Stuart Hall war einer der Beteiligten an der Erstellung dieses Berichts. Hall war in den Siebzigern ein Pionier auf dem Gebiet der Cultural Studies-Bewegung an der Universität Birmingham. Paul Gilroy, ein früherer Student Halls und wie dieser ein »black-British«-Theoretiker des Postkolonialismus und der Hybridität, lieferte heuer mit dem Buch »Between Camps«, das in den USA unter dem Titel »Against Race: Imagining Political Culture Beyond the Color Line« (etwa: »Gegen das Konzept der Rasse: Die Vorstellung politischer Kultur jenseits der Hautfarbe«) erschien, seinen eigenen Beitrag zur Multikulturalismusdebatte. Die Crux dieses Buches, sofern es überhaupt eine gibt, ist die fatale Zweideutigkeit des Wortes »Kultur« selbst – das eine organische, biologische Resonanz (das Wachsen der Pflanzen, Bakterienkulturen etc.) aufweist und zugleich Antithese der primitiven Ursprünglichkeit und Natürlichkeit (das Zivilisierte, das Nichtinstinktive, das Künstliche, das Vergeistigte) ist.

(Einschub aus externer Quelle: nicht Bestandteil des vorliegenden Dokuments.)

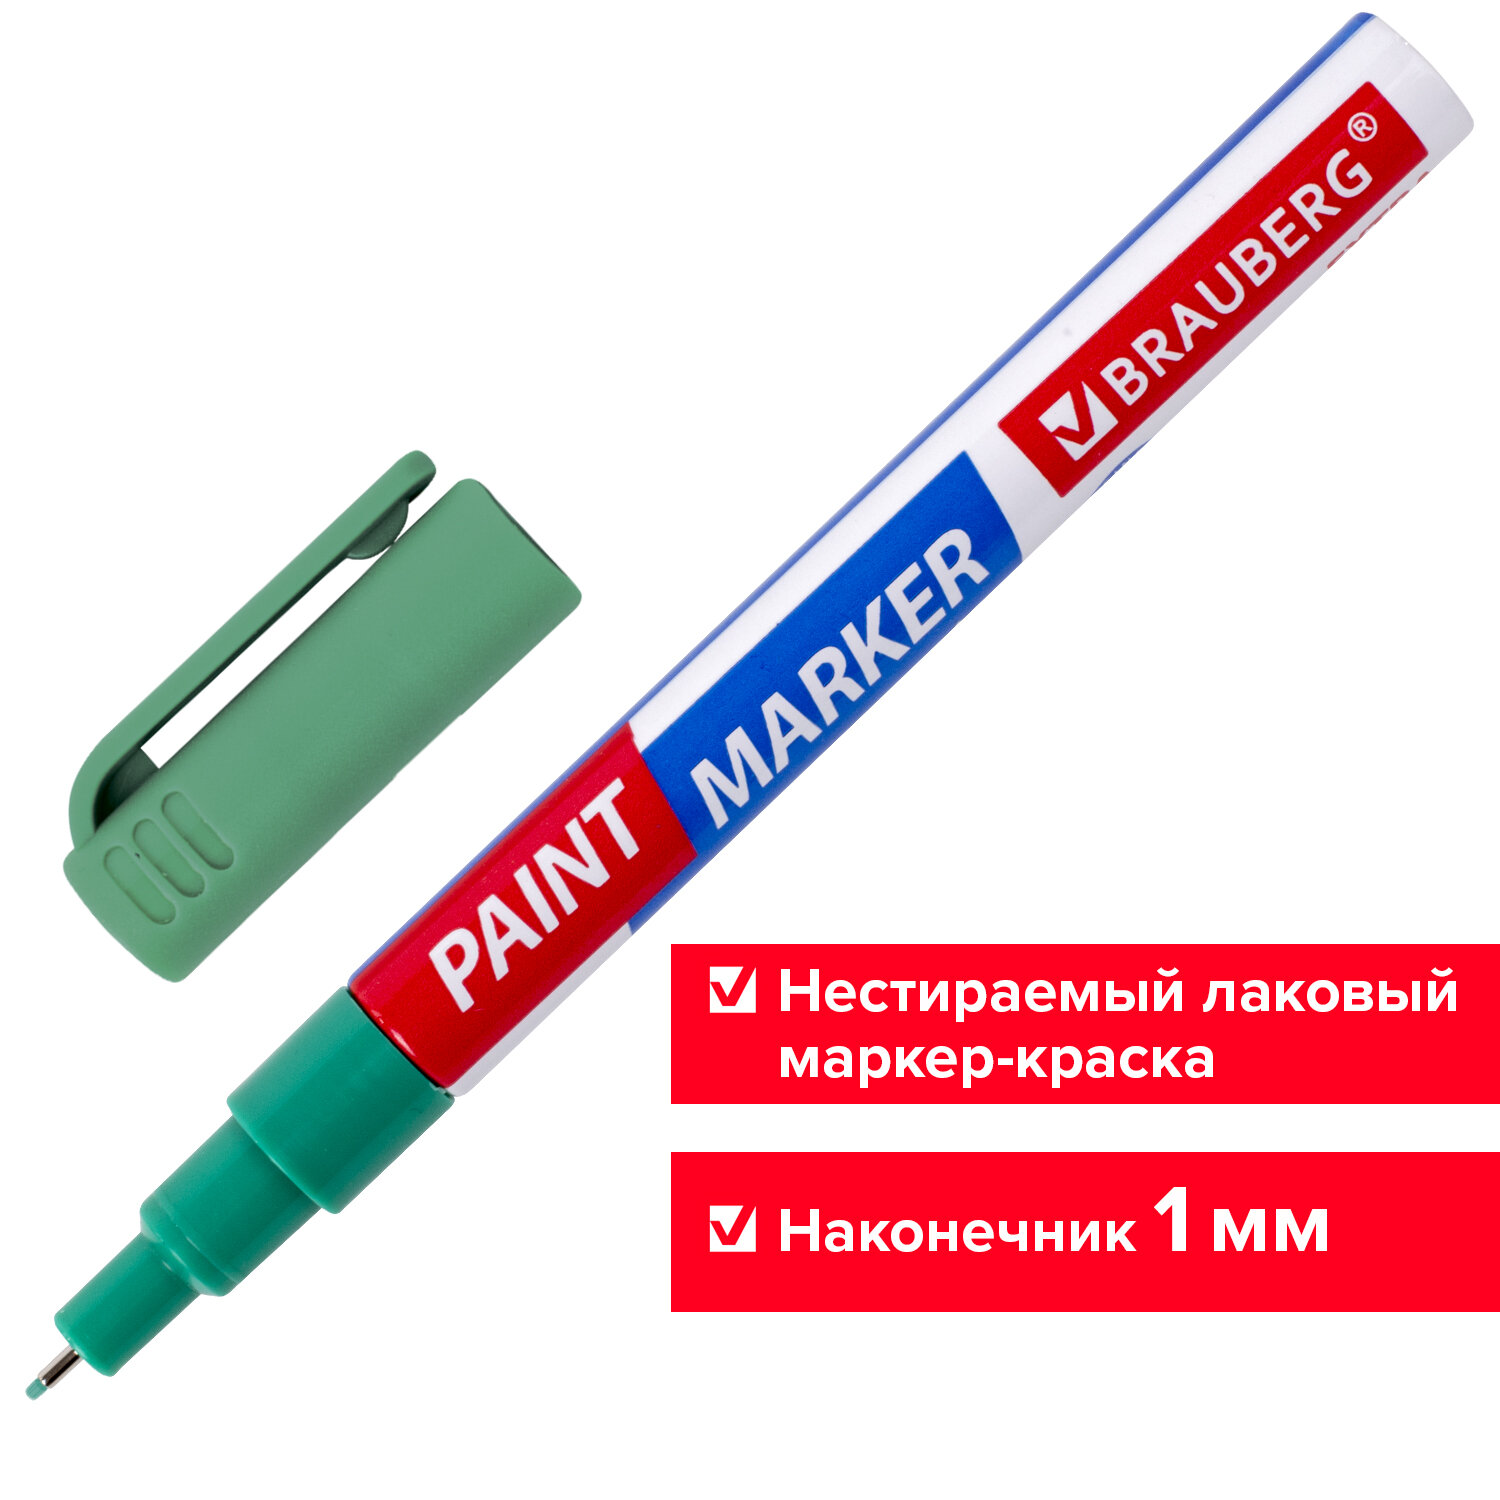 Маркер-краска лаковый 4 мм, зеленая, усиленная нитро-основа BRAUBERG. Paint Marker BRAUBERG. Маркер 1. БРАУБЕРГ маркер красный.

Der erste Aspekt von »Kultur« beinhaltet das Konzept der Blutsbande und ihres unausweichlichen Begleiters, des Blutvergießens: Stammeskriege, ethnische Säuberung, »Balkanisierung« oder »Ruandaisierung«, die Rhetorik der Verwurzelung und Heimat, Auseinandersetzungen um Muttersprachen und die staatliche Kontrolle von Sprache. Um das Konzept Rasse zu entbiologisieren, es als ein pseudo-wissenschaftliches Fantasieprodukt zu enttarnen, verwendet Gilroy – ähnlich einem Musikjournalisten – eine Reihe von »schlechten« und »guten« Begriffen: Essentialismus/Primordialismus/Einmütigkeit/Brüderlichkeit/Ethnischer Absolutismus gegenüber Synkretismus/transkulturell/kosmopolitisch/Diaspora. Es gibt keine reinen Rassen, Kulturen oder Kunstformen, so Gilroy weiter, alles war und ist immer schon hybrid, vom anderen verunreinigt/infiziert.
Gilroy sieht in der Dance-Music eine der Bastionen der gegenwärtigen »Transkultur«. Interessanterweise gibt es innerhalb der Club- und Rave-Kultur die hitzigsten Diskussion über Purismus und Hybridität. Teils deshalb, weil sich diese Kultur nicht primär auf individuelle KünstlerInnen konzentriert, wie beim Rock, sondern auf Stile und Szenen. Und weil diese Ebene eine produktive Diskussion verspricht, geht auch eine riesige Menge an diskursiver Energie in die kulturelle Klassifizierung, in die Identifizierung von Genres und Subgenres, analog zu Spezien. KünstlerInnen werden typischerweise dafür gelobt, dass sie von den selbst gewählten Genres abgehen und Ideen aus anderen Stilen übernehmen. »Genre« zieht eine begriffliche Schattenspur aus der Genetik hinter sich her, und beinahe die gesamte Sprache, die verwendet wird, um Musik zu diskutieren, hat Konnotationen, in denen die Vermischung von Rassen anklingt: Mix-und-Vermengung, Mutation, Mischlinge, der Imperativ, Inzucht zu vermeiden (die Schattenseite jeder Szene) und stattdessen seinen Genpool zu erweitern. Entweder obiges, oder die Sprache des Gartenbaus: Veredelungen, Hybride, Kreuzungen. Ein neues Genre wird gerade aufgrund seiner Besonderheit entdeckt und geschätzt. Aber bei fehlender Behutsamkeit wird die Szene bald dafür gegeißelt werden, dass sie puristisch ist, dass sie keine Einflüsse aus anderen Genres aufnimmt. Wirklich selten ist hingegen jene Szene, die das Gleichgewicht zwischen innerer Stetigkeit und ständiger Bewegung für längere Zeit aufrecht erhalten kann, die äußere Einflüsse aufnimmt, ohne sich in Subgenres oder Ableger aufzulösen (mit den hype-süchtigen Medien im Rücken, die diesen Prozess eifrig beschleunigen).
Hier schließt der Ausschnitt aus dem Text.